“什么?懵懵,你怎么了?”肖正皺著眉頭,卻礙于腰傷不能動,看著孟丹兒在地上張牙舞爪,只能在心里干著急。
不好,孟丹兒的雙腳越來越癢,明顯的感覺自己的五根腳趾漸漸合二為一,變成了兩只腳爪。“你閉眼!”肖正不為所動。孟丹兒的雙腿越發緊澀,撐不住了。
孟丹兒縱身躍起,彈到肖正身上,“閉眼睛!”孟丹兒命令道,隨即俯下頭,張開自己的小嘴兒,學著戲文里那樣,一口嘬住了肖正的雙唇。

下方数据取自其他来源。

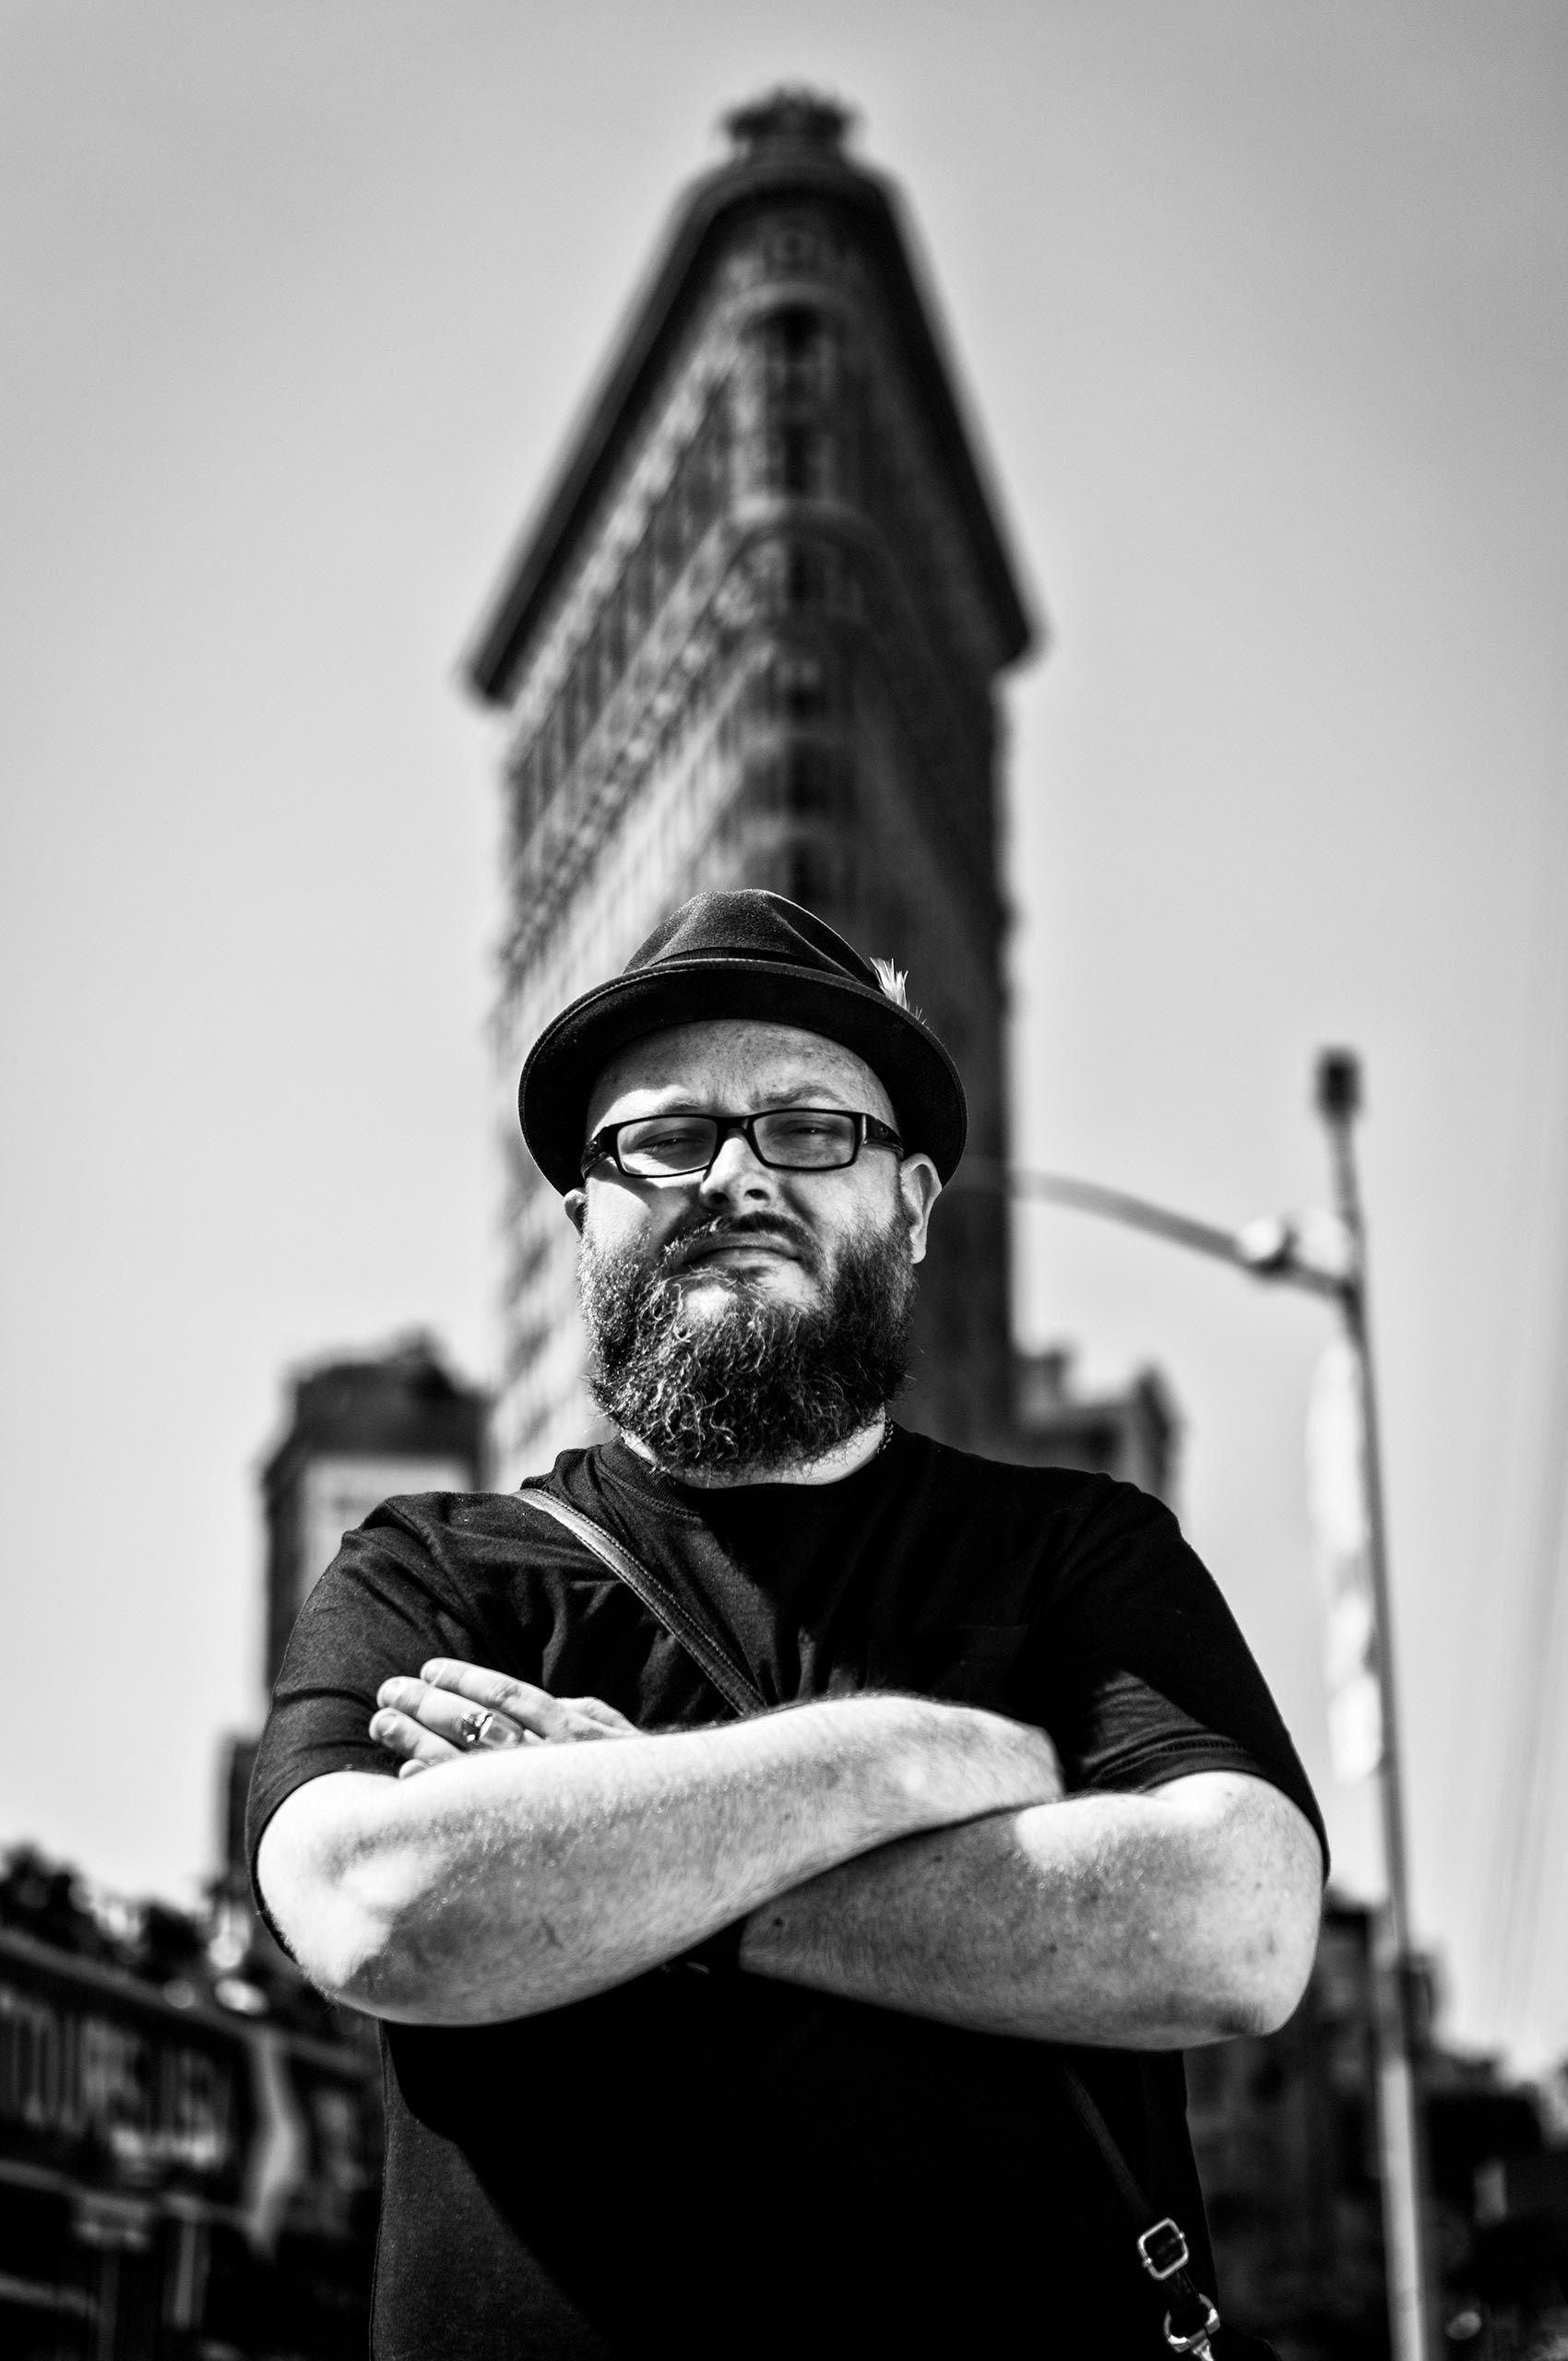 flatiron-hipster-newyork-HenrikOlundPhotography.jpg

孟丹兒嘴開頜大,幾乎含住對方半張臉,不像是親熱,更像是吃人。
“唔……。”肖正被這猝不及防搞得心猿意馬,索性聽話的閉上眼睛享受著,鼻孔微顫,貪婪的吮吸孟丹兒身上沁出的幽香。此刻,孟丹兒徹底解脫,還好那米酒醪糟并不上頭,孟丹兒只有兩只小腿變成了黑棕色的豬腿,上身還如少女一般玲瓏有致。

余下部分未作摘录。